At its height, the company town included a restaurant, cocktail lounge, barbershop, beauty parlor, bowling alley, grocery store,
meat market, post office, library and had a population of about 600 people. With the decline of the logging industry toward the
end of the 20th century, the company sold in 1991 and houses and businesses were sold to individual owners. Though Interfor
Pacific still runs a mill in town, it employs far fewer people than the Gilchrist mill did in its heyday.
Today Gilchrist School, grades K-12, serves a little more than 200 students. The portion of the school housing high school
grades was built in 1938. “There’s such a huge history and important history of Gilchrist being a logging town,” Wachs said. “By us going up and felling trees, being in the woods, that ties them to the history of their town and grounds them in some way.”
It even connects the students to history in the tools they use. Wachs’ doesn’t know how old the two-person bucksaw the class uses is, but admits it bears a strong resemblance to antiques on the walls of some homes.
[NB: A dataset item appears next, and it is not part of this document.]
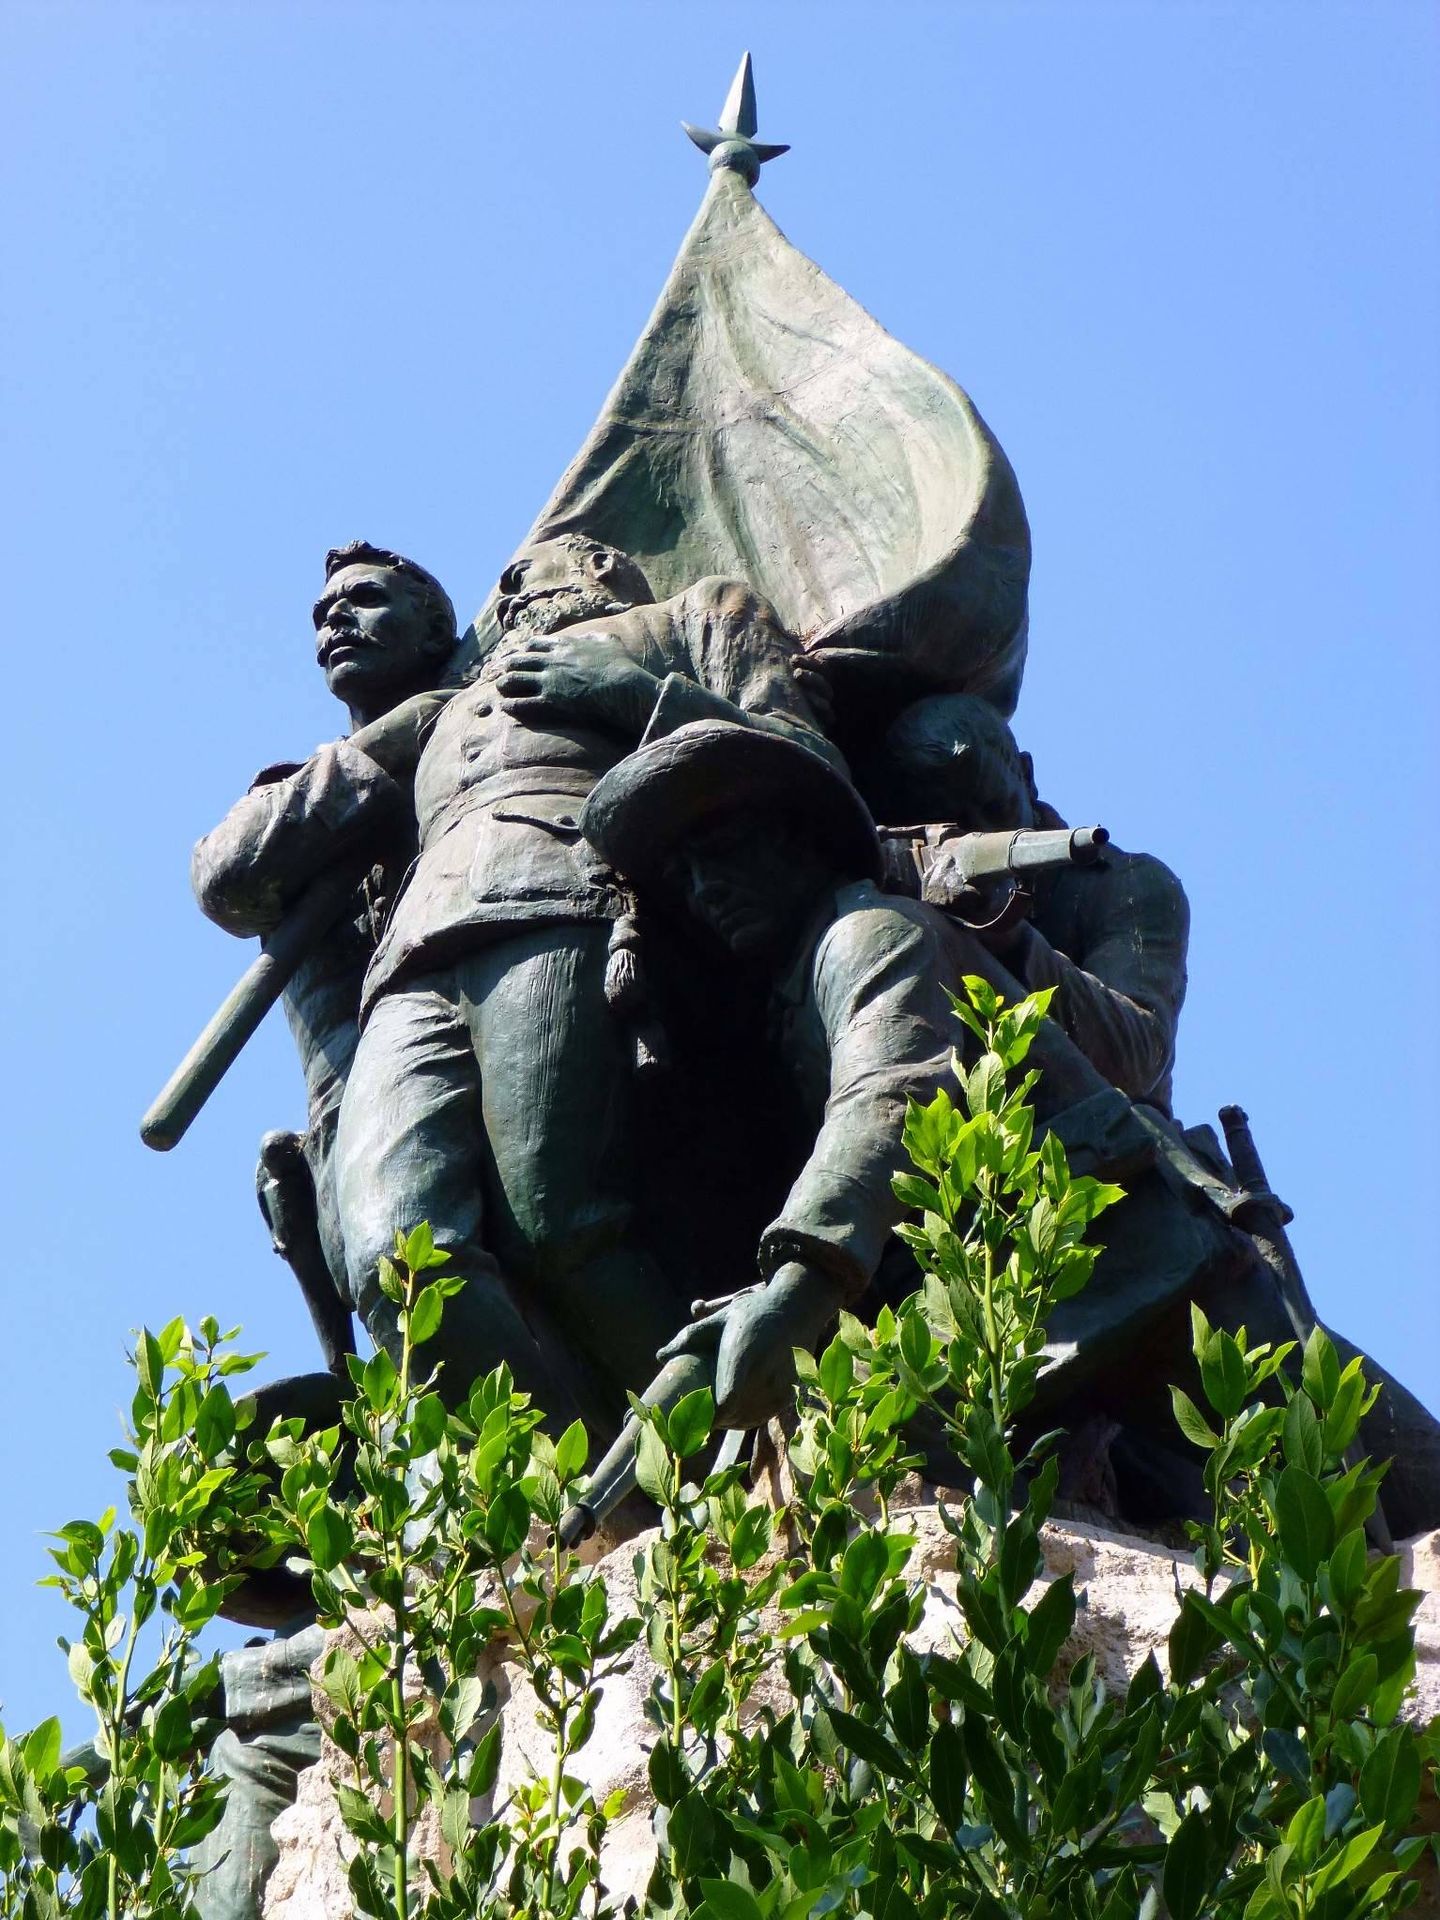 Monumento al general Vara del Rey en Madrid. (Wikimedia Commons)

“That two-man bucksaw, it cuts fast. It does the job well,” he said, and it teaches life lessons to his students. “They’re understanding that the world is not a throw-away society. We can continue to use all these things. Even though they’re old, we can touch them up, we can work with them. We can build things that are made to last.”
BUILDING
When asked if most students start the school year felling a tree, Katie said, “Probably not. Mr. Wachs’ teaching style is not conventional.”
Wachs’ and his students didn’t just fell a tree for the fun of doing it. They will use the wood to make projects. On Wednesday, the students made the exact cuts to send the tree falling precisely where they planned. Next, they brought out the hand saws and continued cutting the trunk into shorter lengths. Later in the week they brought those lengths into the school shop. Through the semester they will plank them and build picture frames.
“They come into my class and they know they are going to get sweaty, they’re going to get dirty,” Wachs said.
His goal?
“Getting them out here and having them actually, real-life apply the math, the science, the geometry, all those different things in real life,” he said. “And be able to produce a real-life product based upon the information they’ve learned in the past.”